The barracks where the enlisted men slept lacked the crest and decoration.
Not pictured in this post are the following museum stops:
- A Detailed History of the fort’s role in historical battles such as The Battle of Quebec, the attempted seizure by Gen. Richard Montgomery during the American Revolutionary War, and the War of 1812.
- The holding cells which housed rebellious soldiers and criminals alike, but did not house heaters
- Ceremonial visits from Heads of State such as Winston Churchill and Queen Elizabeth II
- The mascot of La Citadelle, Batisse the Goat.
- A historical look at the actions of the 22nd Regiment that led to their monument at Vimy Ridge in WW1 in France.
Looking West and Château Frontenac
The western face of the fort was the most heavily armed section of the base. Lined up beneath the Canadian Flag was a line of cannons facing the St. Lawrence River.
This vantage point also overlooked the Old City of Quebec with a great view of the Château Frontenac (which—again—I jokingly called Château Fromage or “Cheese Castle”). From this vantage point, I can tell why Château Frontenac is the most photographed building in the world.
Instead of taking a selfie with the castle in the background, I handed my camera off to someone who had their own Big Nerdy Camera. My assumption was that they would know how to use the camera and how to frame a picture well.
When I checked my photos later, I found that I had about six of the same photo. All are framed oddly, and none of which have a large enough depth of field to be fully in-focus. It proves we were there, but it’s not going to win any awards.
I guess the point that I’m trying to make is that just because someone has a nice camera doesn’t mean they’re a good photographer.
After La Citadelle
We still had some hours of daylight left after we finished the tour of La Citadelle, so we took our time wandering back towards our hostel. I got a few cool shots of the Château Frontenac up close as well as a statue that lives in the plaza outside.
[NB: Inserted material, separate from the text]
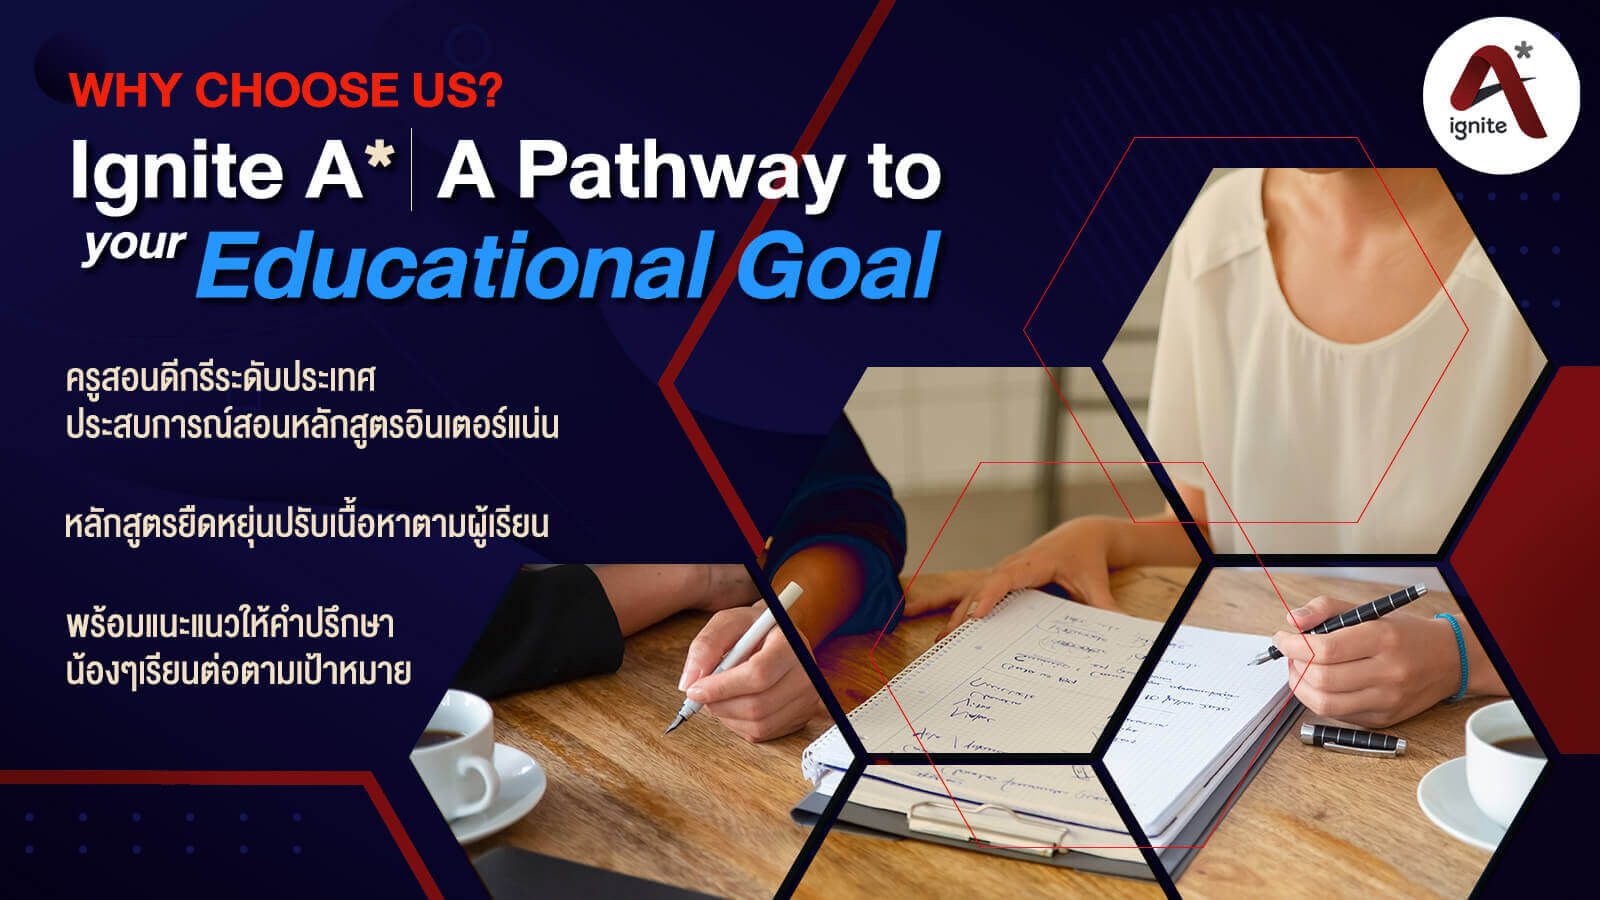 Ignite A star a path way to your educational goal as we are the leading tutoring school for international students.

Dinner and the Remainder of the Evening
Our first night in Quebec City was New Years Eve. Yes, we’d left Montreal—a hub for parties and nightlife—to come to a small river town way out of the way. Bars filled with people buying drink packages and restaurants were booked out for the evening.
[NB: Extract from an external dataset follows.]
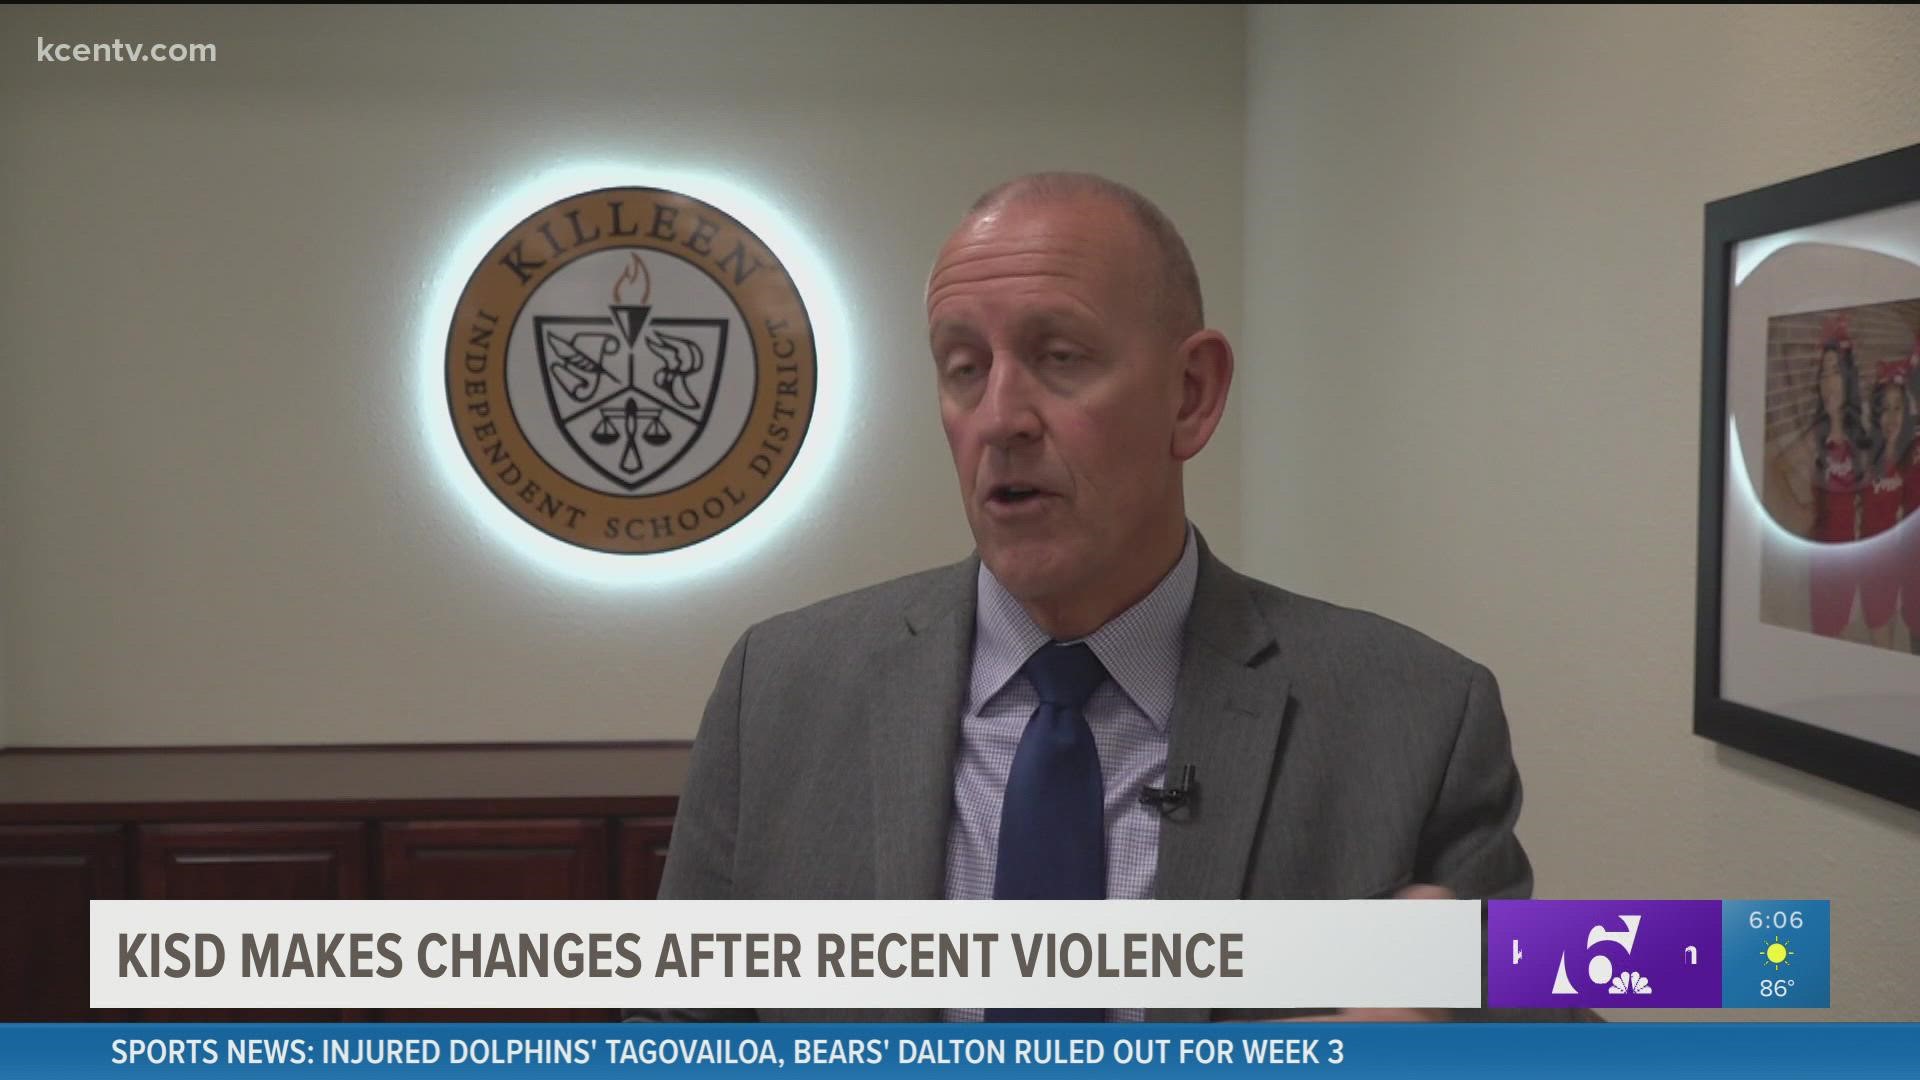 Killeen ISD Police Chief told 6 News they plan to have more officers at each high school campuses where most of the violence occurs.

We had made no such plans, so we went off to find a place that had an open table. And boy, did we find one.
From the main street, a sandwich board sign pointed down a dimly lit alleyway. At the end was La Maison Marocaine. This small Moroccan joint wasn’t exactly hoppin’ at 8:30 at night. We were able to be seated quickly (most of our wait was because we couldn’t choose which table we wanted).
We ordered spicy dishes and drank tea at a casual pace. While we were there, not one person came in which was sad because I actually liked this place. I had a spicy sausage, and Sarah had the Vegetable Couscous. I’d wholly recommend it, but I’m also biased: I love all kinds of Mediterranean food. It’s the key to my cold heart.
New Years Eve in Quebec City
We planned to go to the New Years Festival in Parliament Square, but couldn’t stomach spending more time outside. We could have gone to a bar, but the bar packages were expensive and catered exclusively to the backpackers that come to the Old City.
So after dinner, we headed back to our accommodation and made the tactical decision to sit in the common area of our hostel and meet people. After a while, we were joined by two Canadians, an Aussie, and two Koreans who started playing Monopoly.
I started a conversation with one of the Canadians from Alberta by quoting Letterkenny Problems. I picked his brain about the non-French Canadian Canada like whether he rooted for the Oilers or the Flames. His answer in a hammed-up rural accent: “I’ll tell ya, I wouldn’t call myself an Oilers fan but that team in Calgary can fuck right off.”
I also asked him if I should visit Edmonton, and his answer was “No. Don’t. I only go back because I was born there.” A ringing endorsement, I must say.
At the end of the evening, the Monopoly group went out to drink but Sarah and I were done. We kissed at Midnight, heard the fireworks go off, and went to bed.